◆ Provided data:
-*-
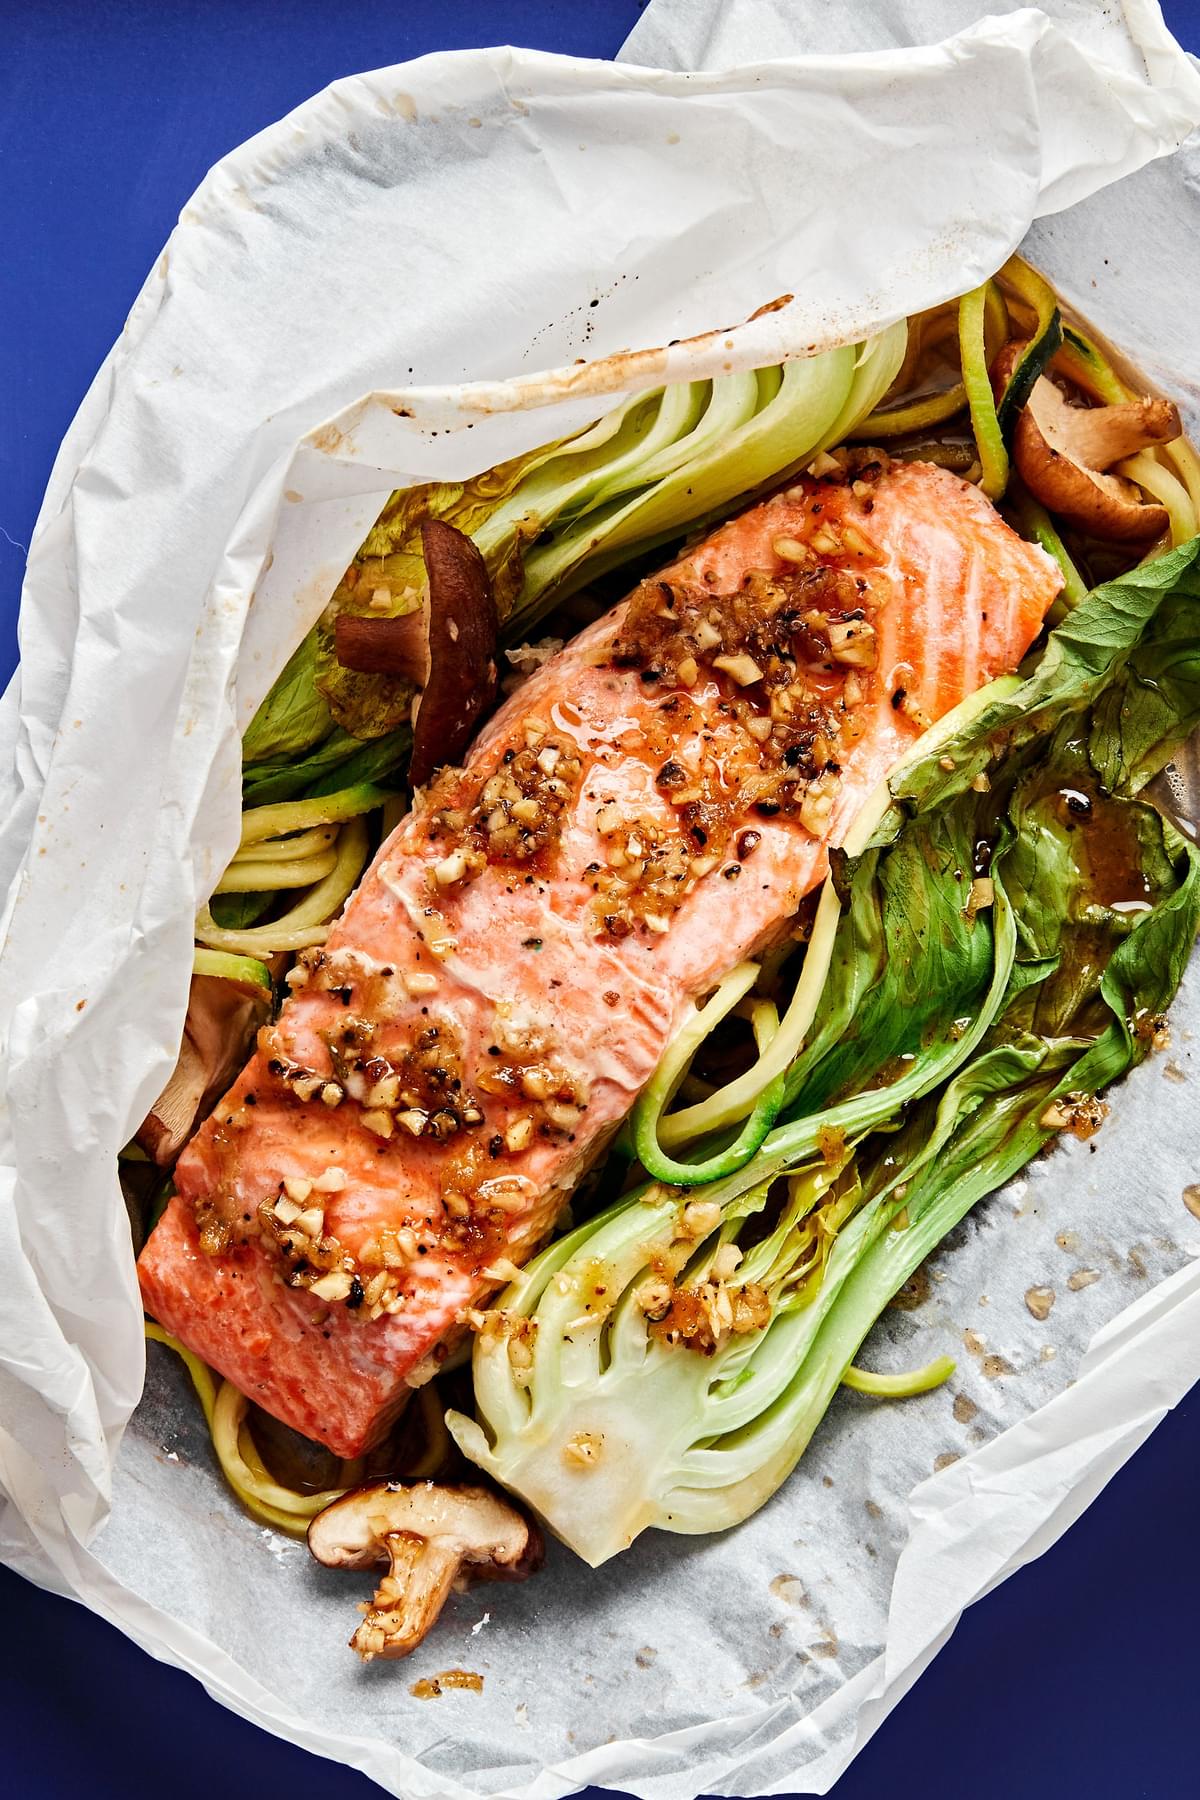 30 Minute garlic ginger salmon dinner with zucchini noodles, bok choy and shitake mushrooms in parchment paper
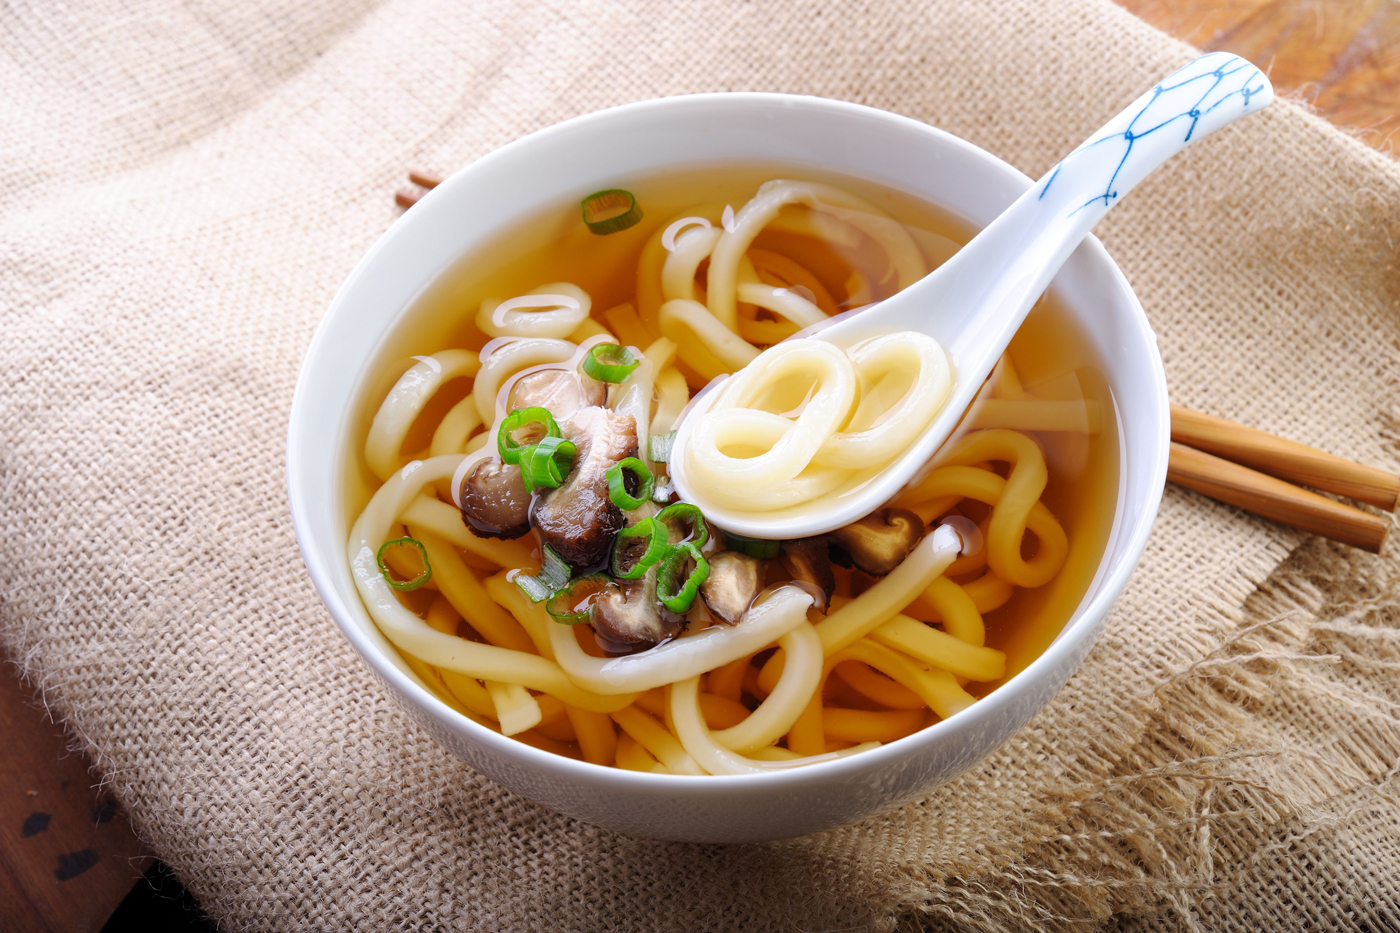 VEGETABLES UDON IN DASHI BROTH
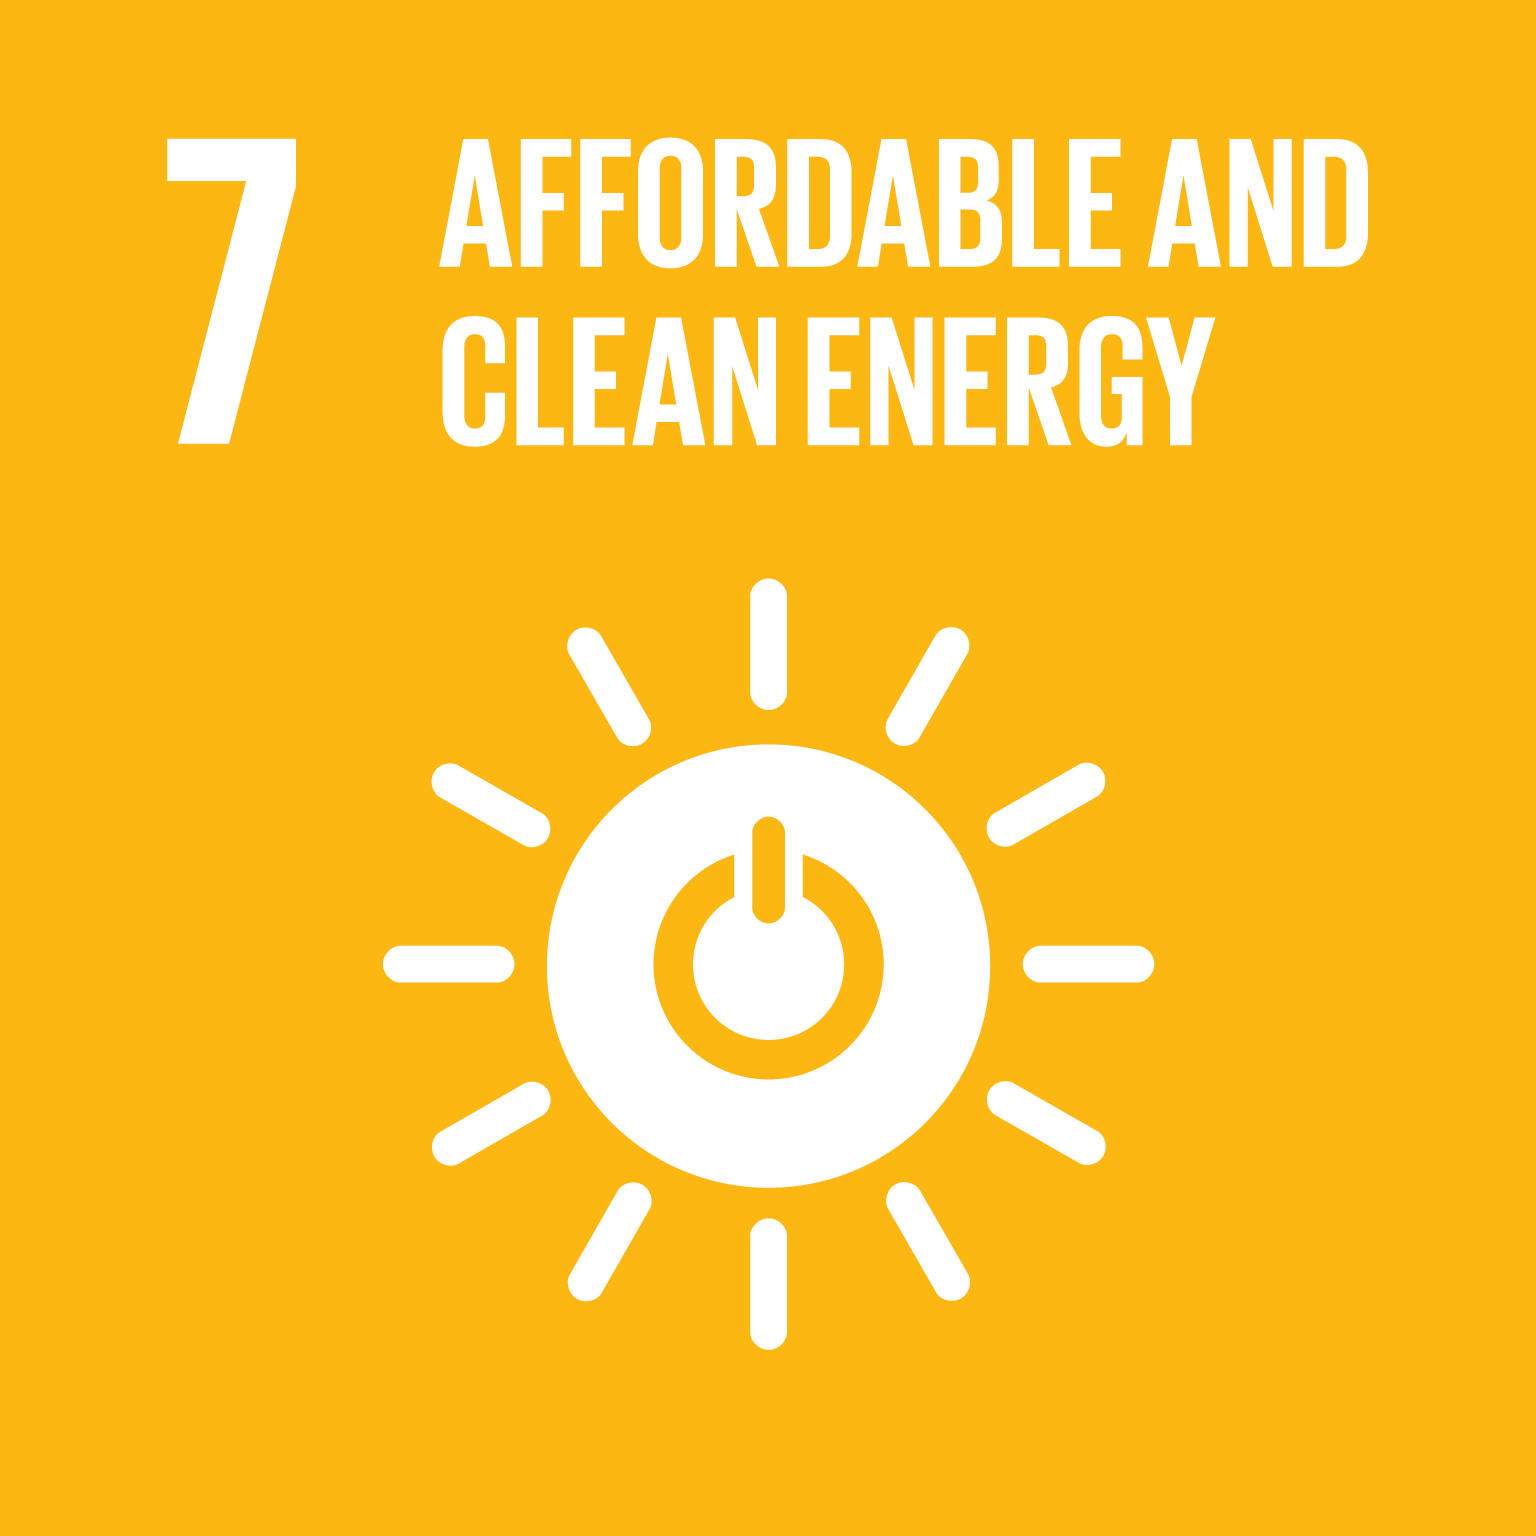 Goal 7. Affordable and clean energy
-*-
◆ What is being asked:
Your reply should restate the data above word for word and contain no pictures.

◆ Answer to this exercise:
 30 Minute garlic ginger salmon dinner with zucchini noodles, bok choy and shitake mushrooms in parchment paper
 VEGETABLES UDON IN DASHI BROTH
 Goal 7. Affordable and clean energy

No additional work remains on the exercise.